WHAT THE TASK REQUIRES: Excluding images, repeat the data exactly as given.

RECORDED INFORMATION:
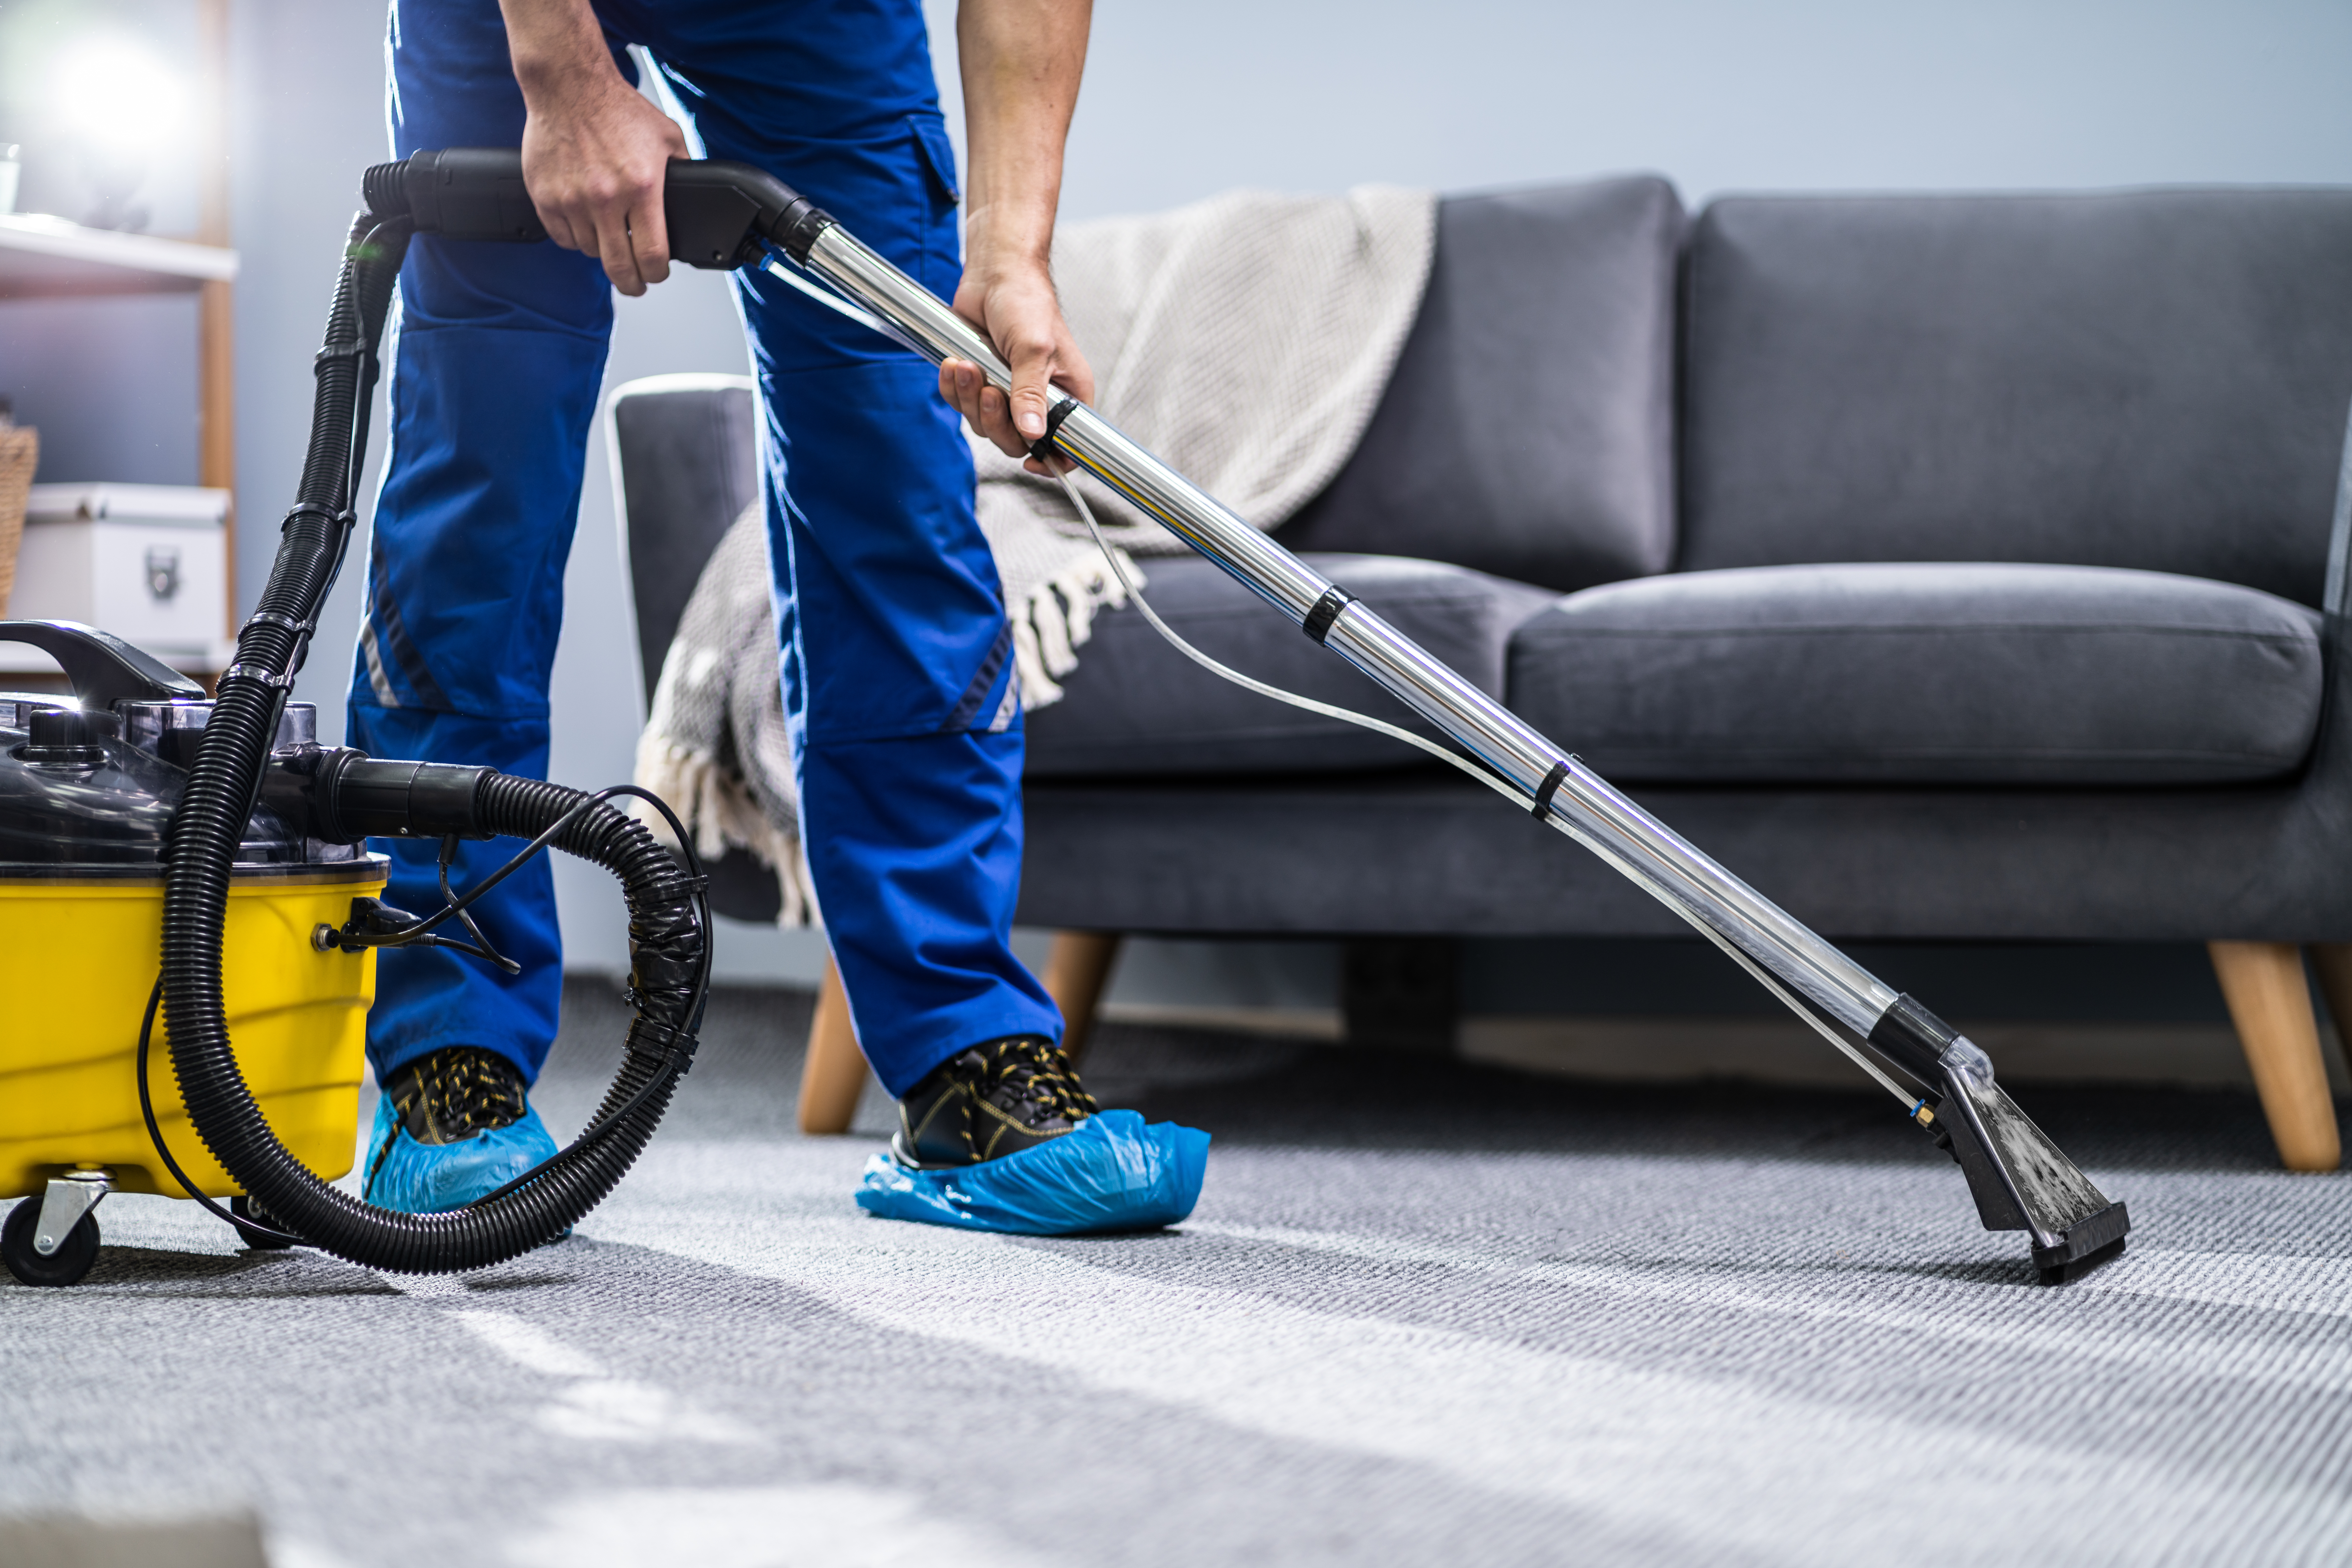 3 Steps to Achieve High-Quality, Data-Driven Cleaning
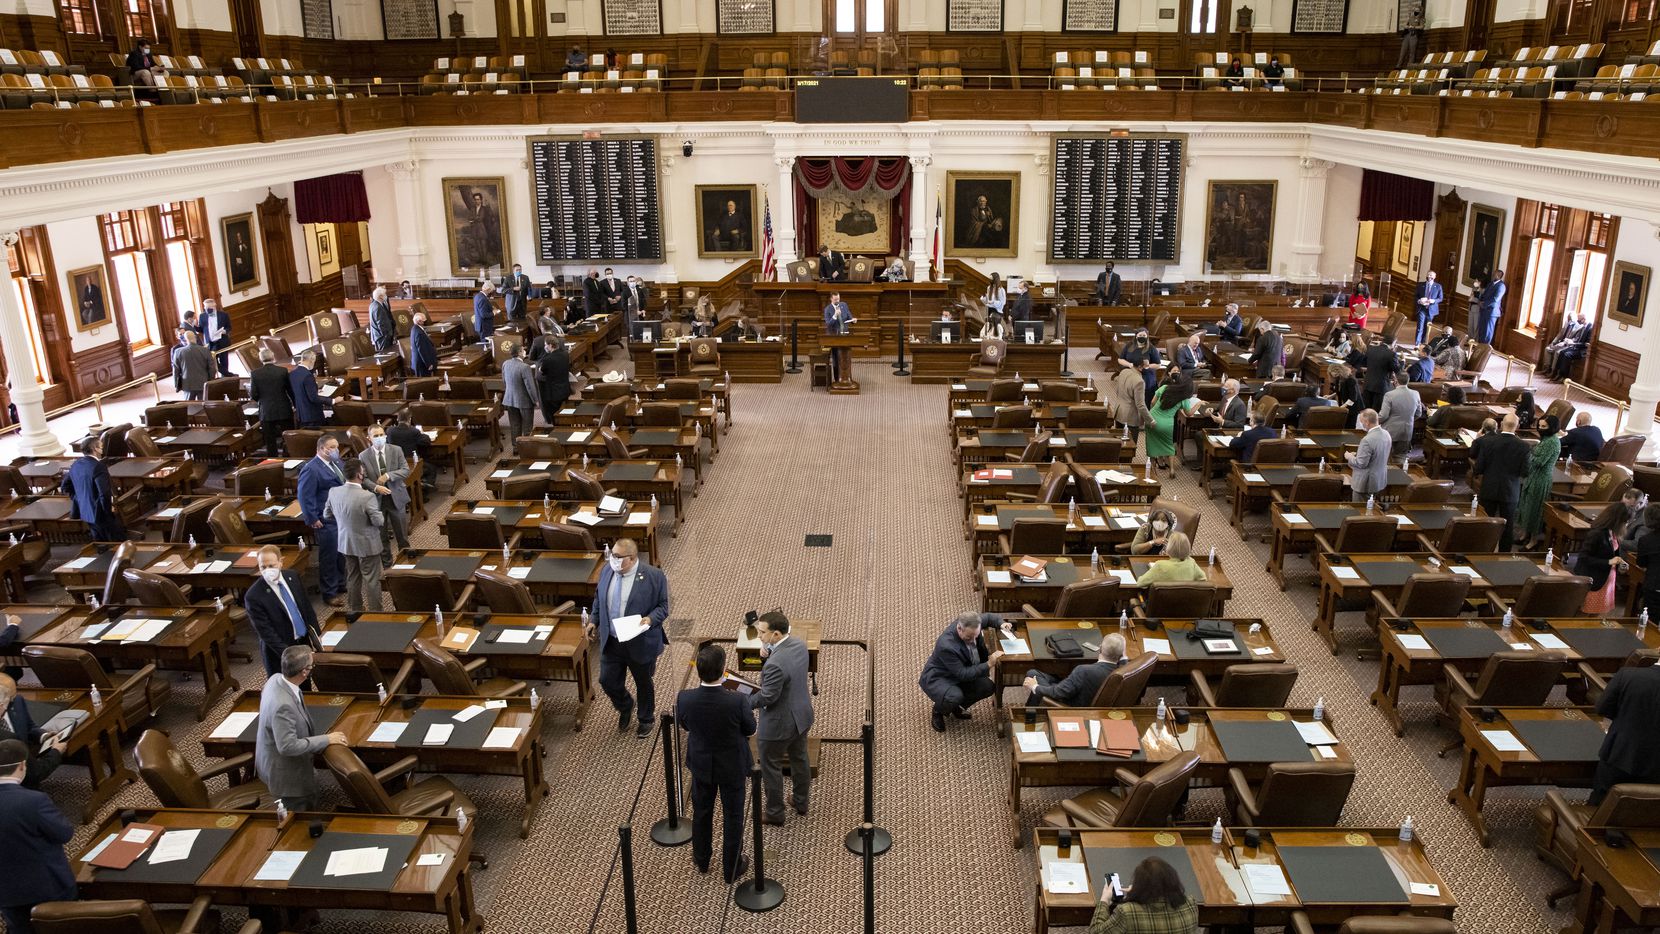 Democrats on Thursday urged Texas' Republican leaders to quickly distribute federal COVID...
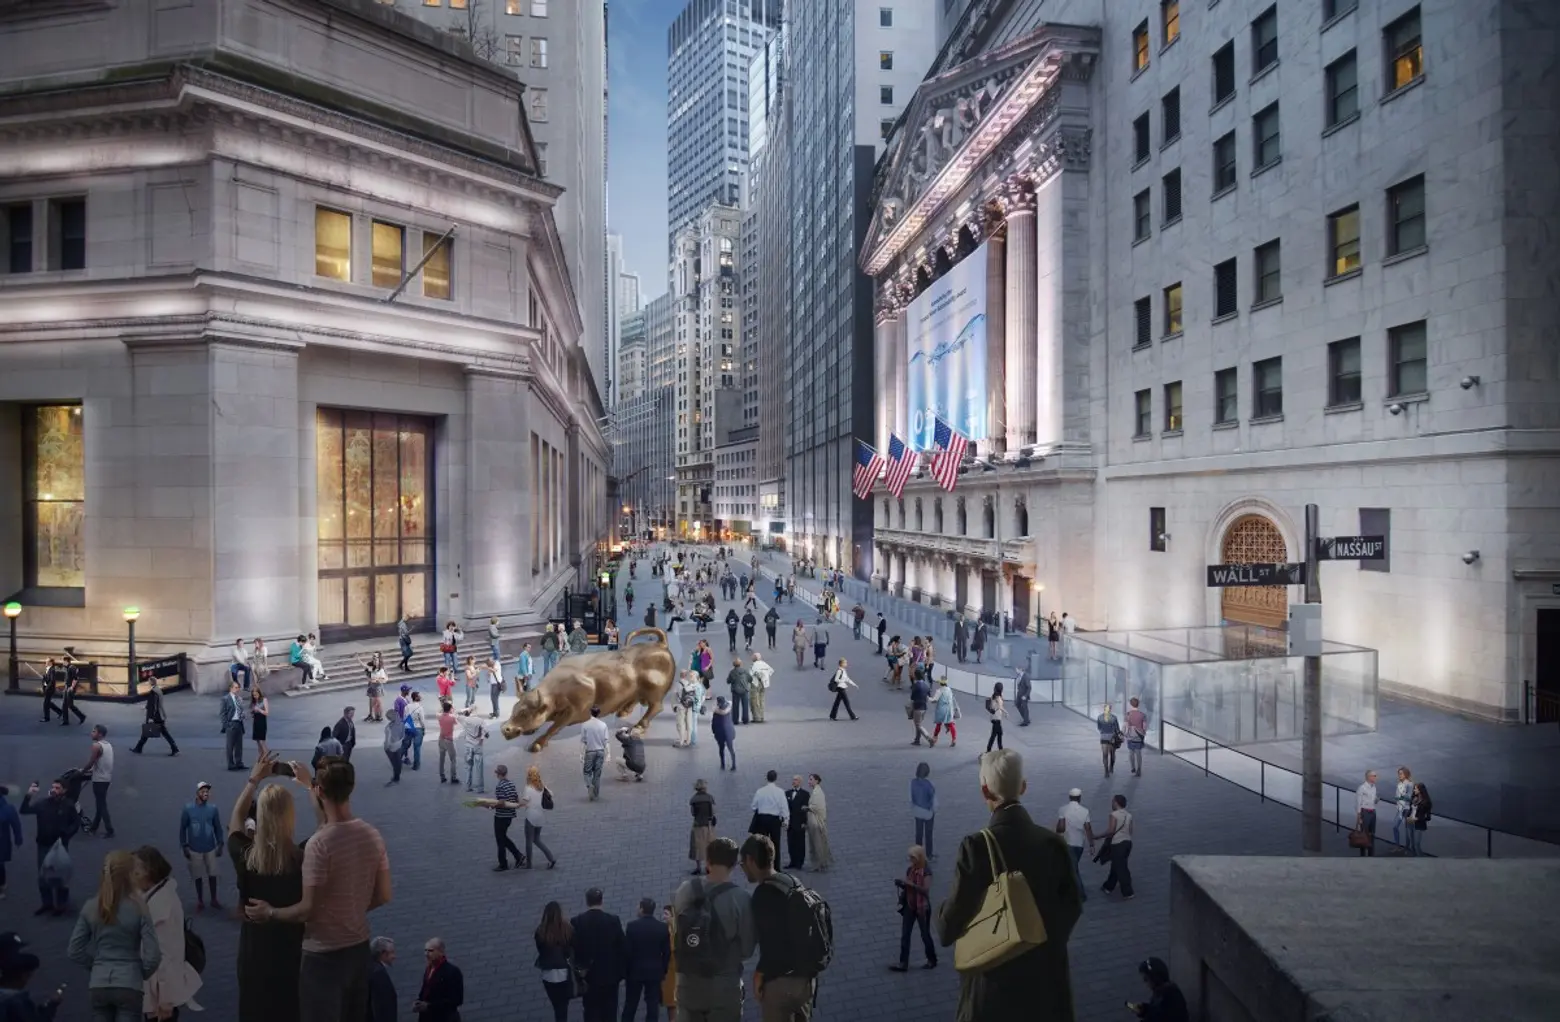 Proposal for NYSE district overhaul calls for curbless streets, greenery and enhanced lighting

OUTPUT OF THE TASK:
 3 Steps to Achieve High-Quality, Data-Driven Cleaning
 Democrats on Thursday urged Texas' Republican leaders to quickly distribute federal COVID...
 Proposal for NYSE district overhaul calls for curbless streets, greenery and enhanced lighting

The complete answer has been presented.